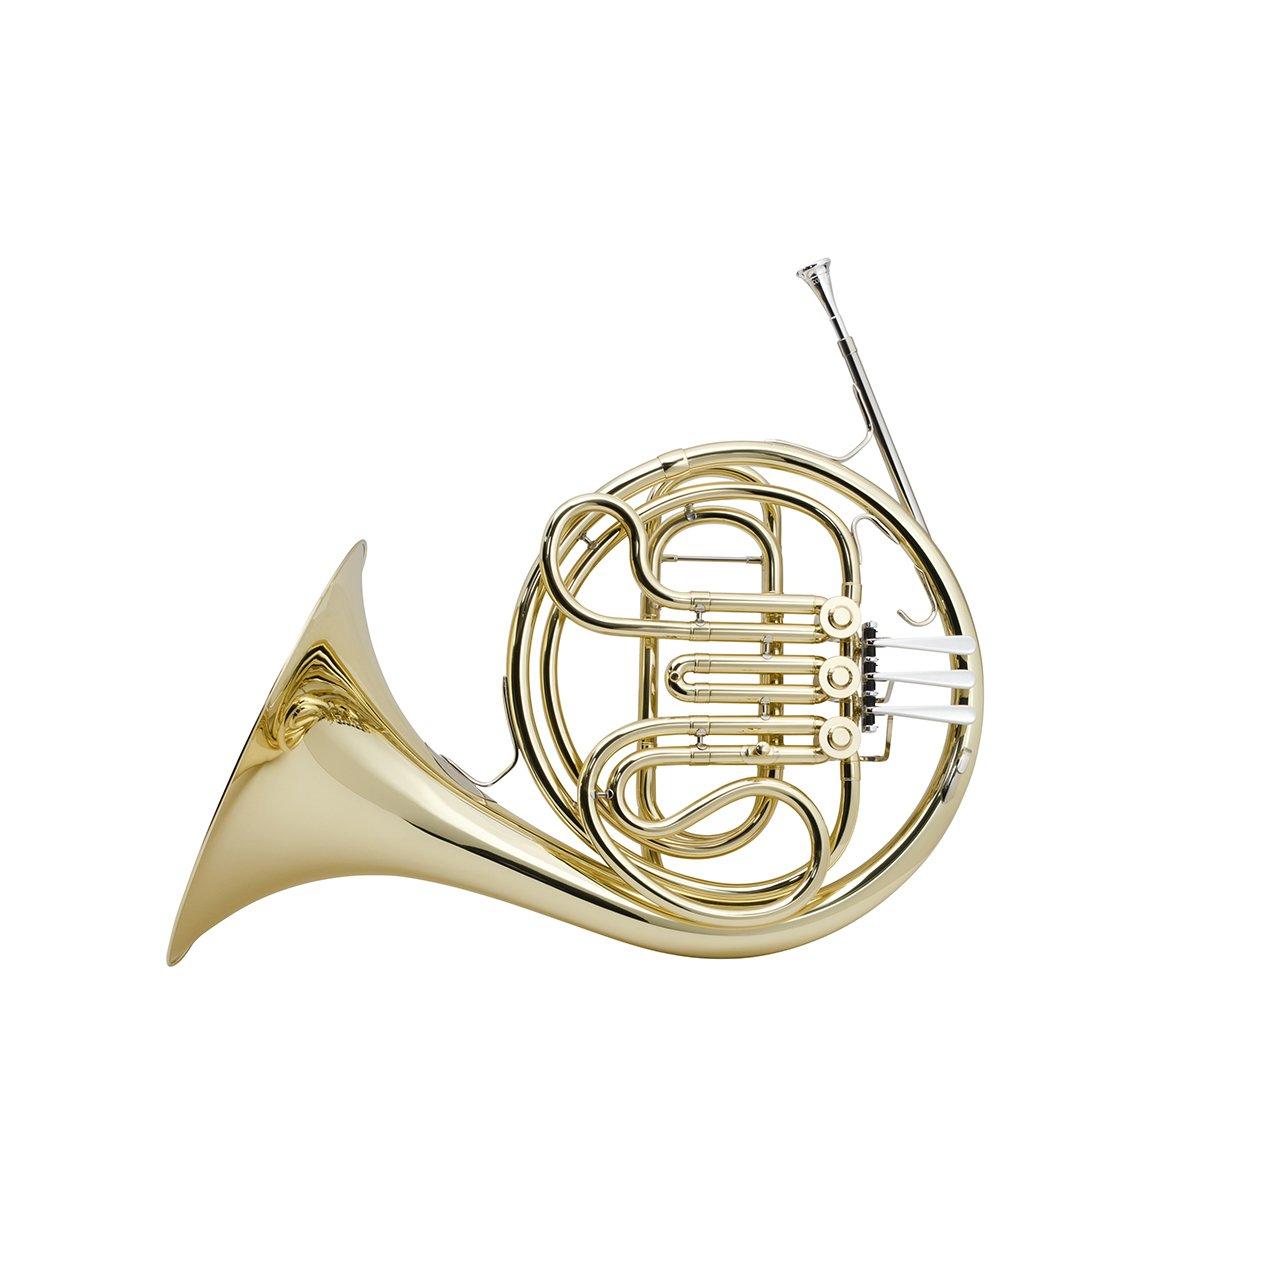 C.G. Conn 14D Student Model Single French Horn
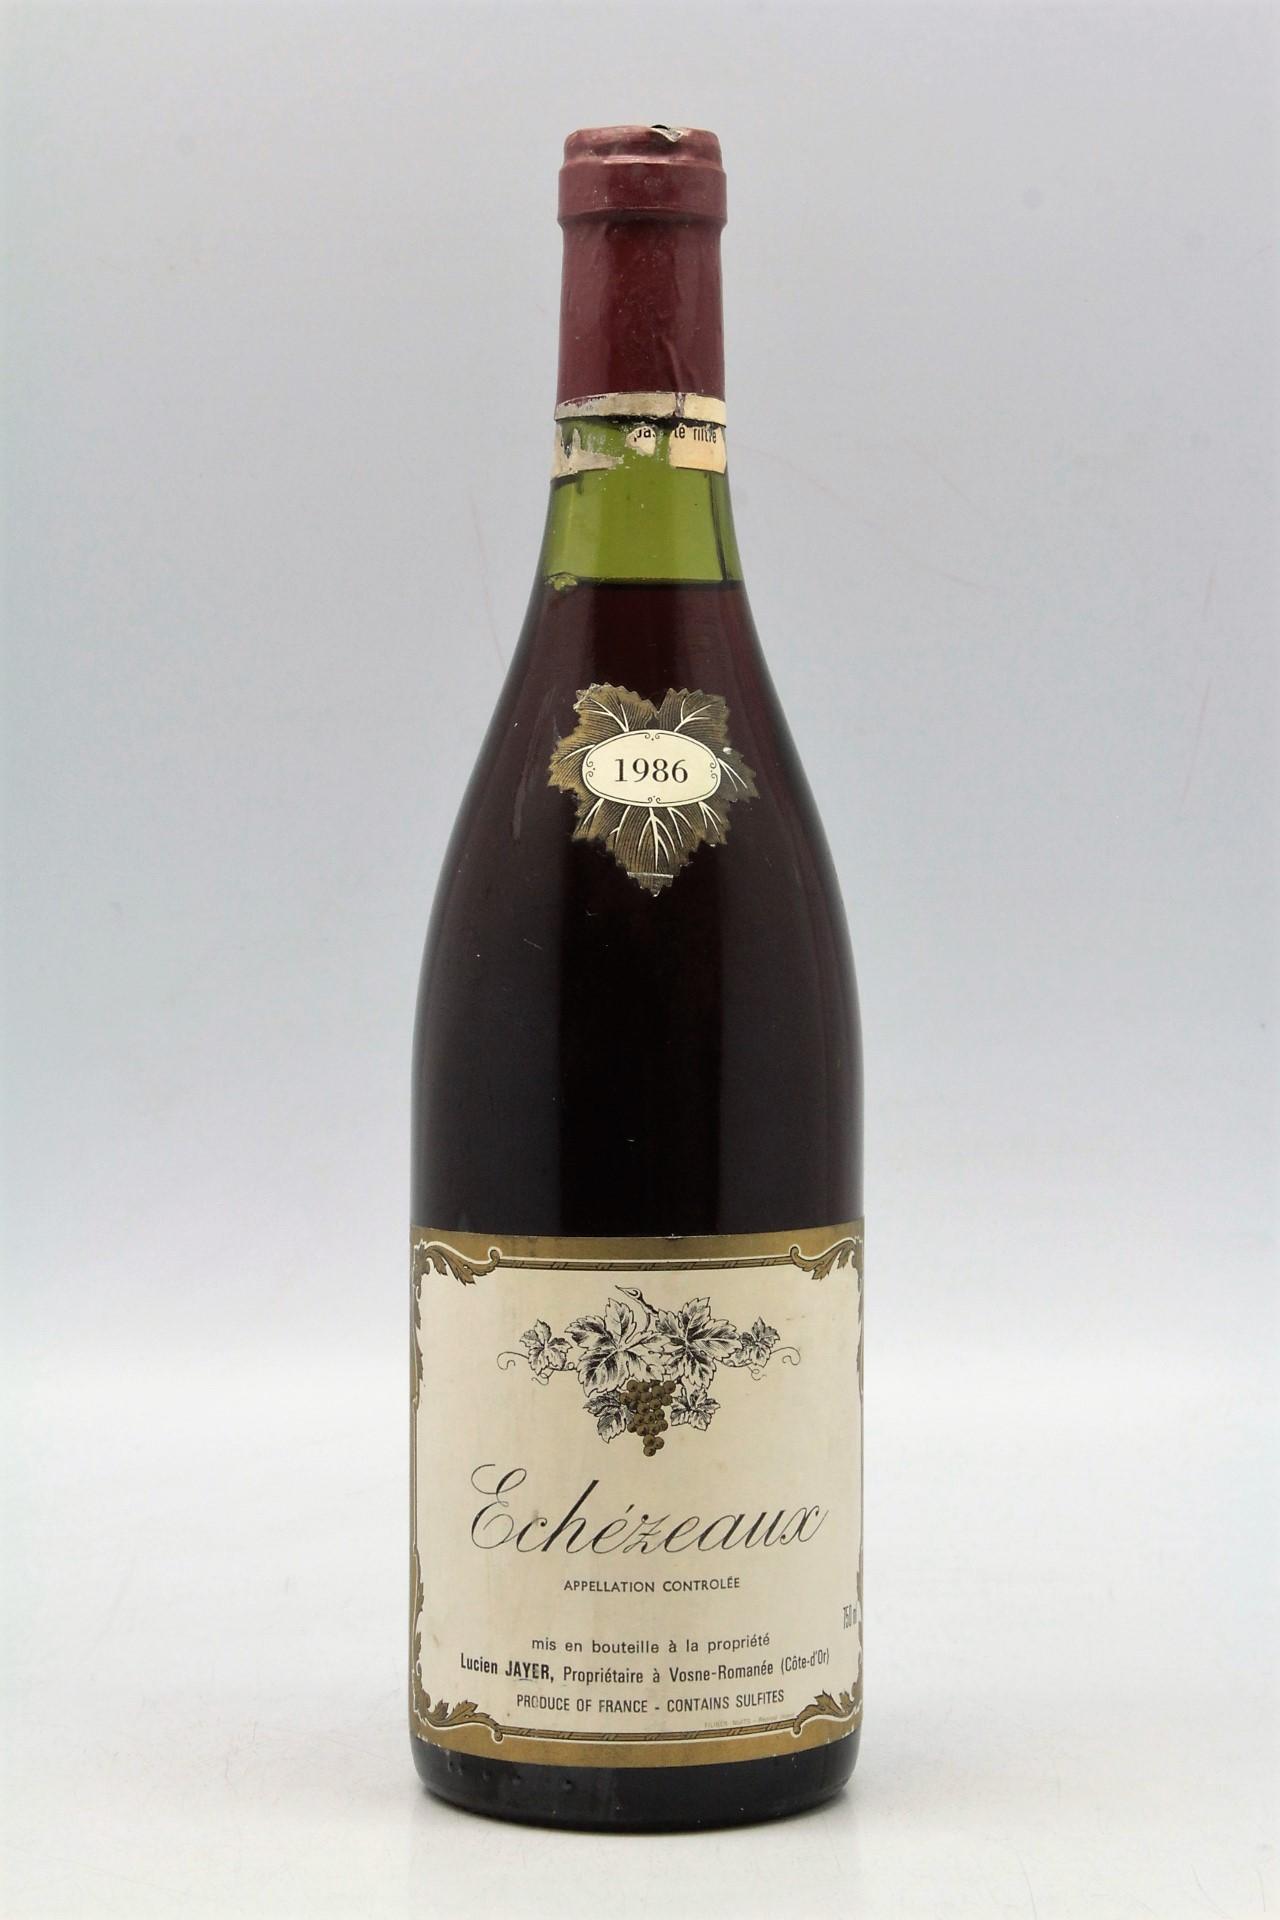 Le Jardin Des Provinces Pessac Charmant Lucien Jayer Echezeaux 1986 Vins & Millesimes
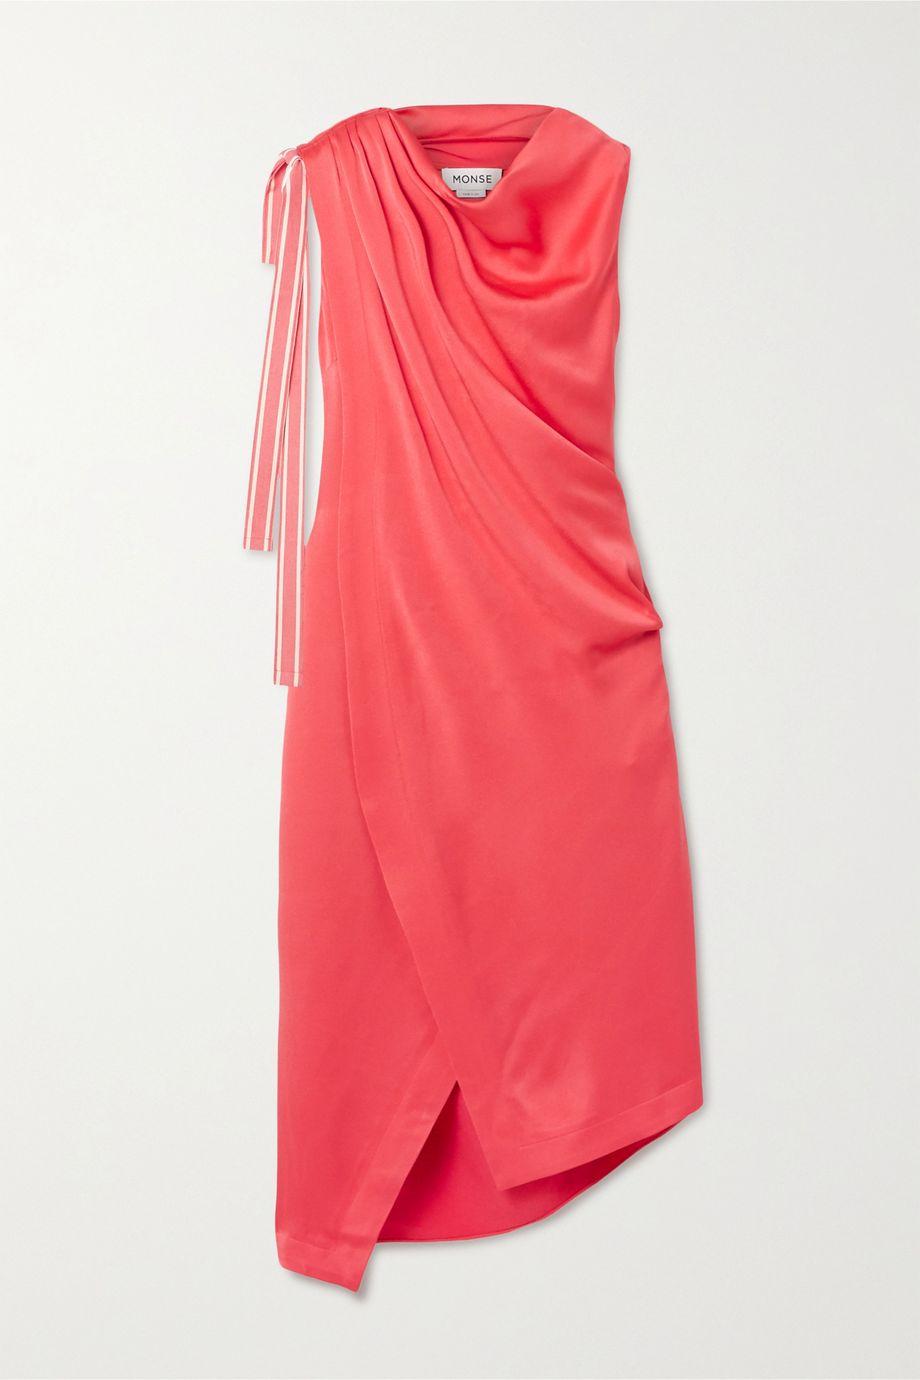 Monse Asymmetric satin-crepe dress
§ §
▶ [Task requirements]
The whole listing above, minus its pictures, is what you should write out word for word.

▶ [Exercise answer]
 C.G. Conn 14D Student Model Single French Horn
 Le Jardin Des Provinces Pessac Charmant Lucien Jayer Echezeaux 1986 Vins & Millesimes
 Monse Asymmetric satin-crepe dress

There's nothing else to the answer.